Gerry Mulligan Quartet – Spring Is Sprung

More Gerry Mulligan

More Jazz Recordings featuring the Saxophone

  • With shootout-winning Triple Plus (A+++) grades on both sides, it just doesn’t get any better than this copy of Mulligan’s superb sounding and Hard To Find 1963 release on Philips
  • Quincy Jones directed, and Phil Ramone made sure the album would be exceptionally well-recorded, which it is!
  • Big, rich, and Tubey Magical, this pressing let us hear Mulligan’s quartet with the energy and clarity these classic jazz performances deserve
  • 4 Stars: “Mulligan and Brookmeyer always seem to stimulate one another’s playing to a high level, and this album is no exception. The group gets into a swinging groove right away with its updated treatment of a Count Basie favorite, “Jive at Five,” followed by Mulligan’s brisk yet intricate jazz waltz “Four for Three.””

Need a refresher course in Tubey Magic after playing too many modern recordings or remasterings? These Philips pressings are overflowing with it. Rich, smooth, sweet, full of ambience, dead-on correct tonality — everything that we listen for in a great record is here.

This record is the very definition of Tubey Magic. No recordings will ever be made that sound like this again, and no CD will ever capture what is in the grooves of this record. There is of course a CD of this album, but those of us with a good turntable couldn’t care less.

This vintage stereo pressing has the kind of Midrange Magic that modern records barely begin to reproduce. Folks, that sound is gone and it ain’t coming back. If you love hearing INTO a recording, actually being able to “see” the performers, and feeling as if you are sitting in the studio with the band, this is the record for you. It’s what vintage All Tube Analog recordings are known for — this sound.

If you exclusively play modern repressings of vintage recordings, I can say without fear of contradiction that you have never heard this kind of sound on vinyl. Old records have it — not often, and certainly not always — but maybe one out of a hundred new records do, and those are some pretty long odds. Clean and Clear Yet Rich and Sweet.

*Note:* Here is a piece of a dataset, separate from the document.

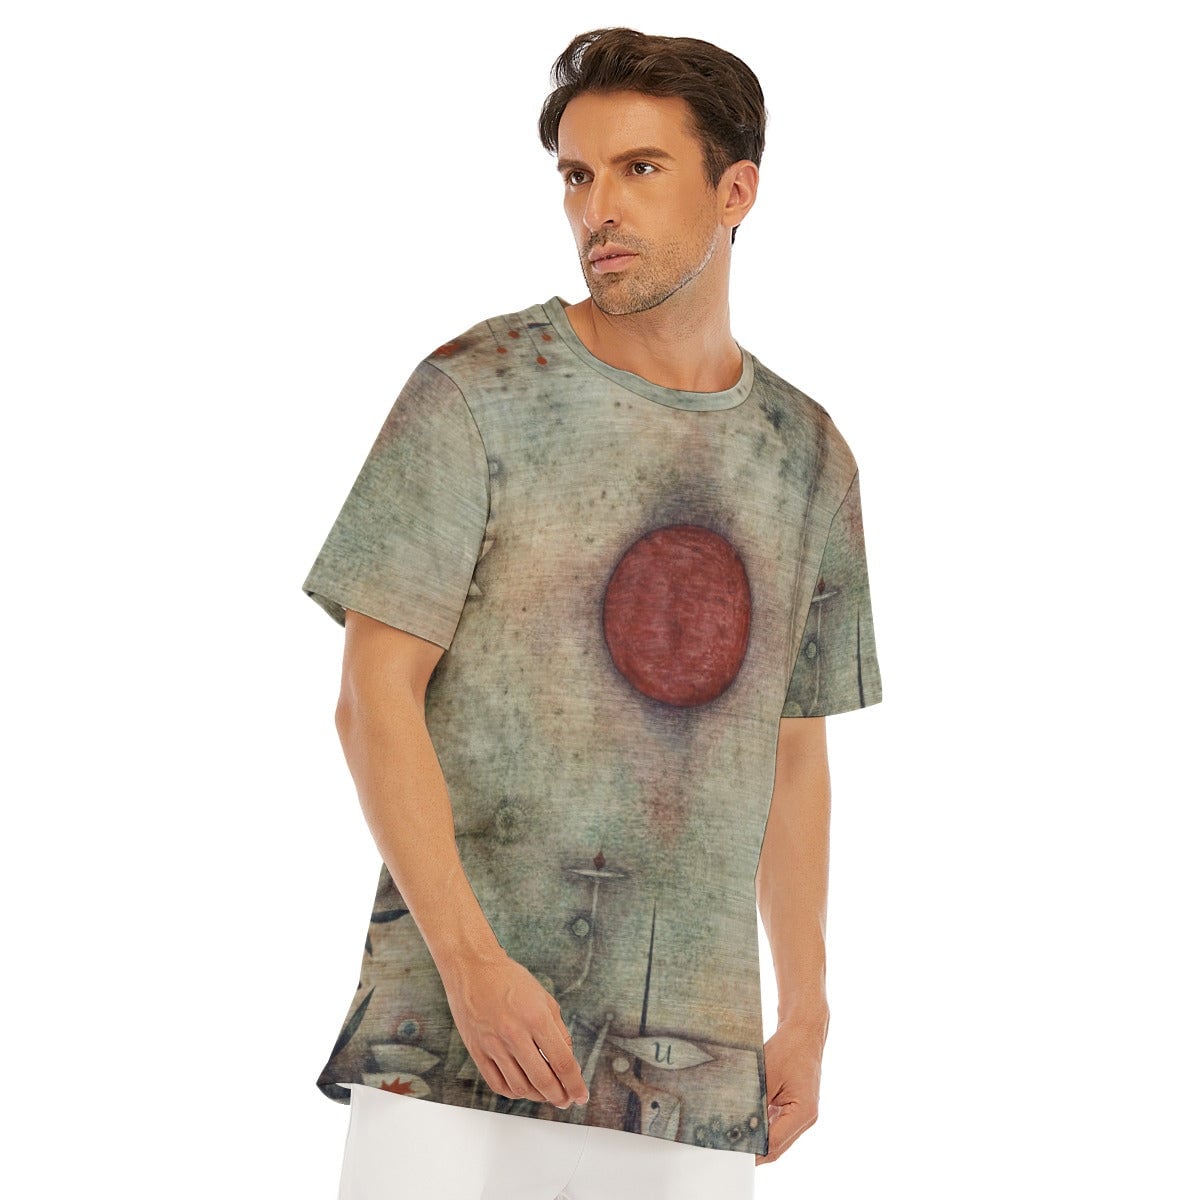 Ad Marginem Paul Klee T-Shirt - Perfect for Art Lovers

This copy managed to find the ideal balance of these attributes. You want to find that rare copy that keeps what is good about a Tubey Magical analog recording from The Golden Age of ’60s Jazz while managing to avoid the pitfalls so common to them: compression, opacity, veiling, and too many more to list.

To be sure, the fault is not with the recording (I guess; again, not having heard the master tape) but with the typical pressing. Bad vinyl, bad mastering, who knows why so many copies sound so thick, dead and dull?

What the Best Sides of Spring Is Sprung Have to Offer Is Not Hard to Hear

  • The biggest, most immediate staging in the largest acoustic space
  • The most Tubey Magic, without which you have almost nothing. CDs give you clean and clear. Only the best vintage vinyl pressings offer the kind of Tubey Magic that was on the tapes in 1963
  • Tight, note-like, rich, full-bodied bass, with the correct amount of weight down low
  • Natural tonality in the midrange — with all the instruments having the correct timbre
  • Transparency and resolution, critical to hearing into the three-dimensional studio space

No doubt there’s more but we hope that should do for now. Playing the record is the only way to hear all of the qualities we discuss above, and playing the best pressings against a pile of other copies under rigorously controlled conditions is the only way to find a pressing that sounds as good as this one does.

The Big Room

Huge amounts of ambience fill out the space and extend from wall to wall (and all the way to the back wall of the studio), leaving plenty of room around each of the players.

Full-bodied sound, open and spacious, bursting with life and energy — these are the hallmarks of our Truly Hot Stampers. If your stereo is cookin’ these days, this record will surely be an unqualified Sonic Treat.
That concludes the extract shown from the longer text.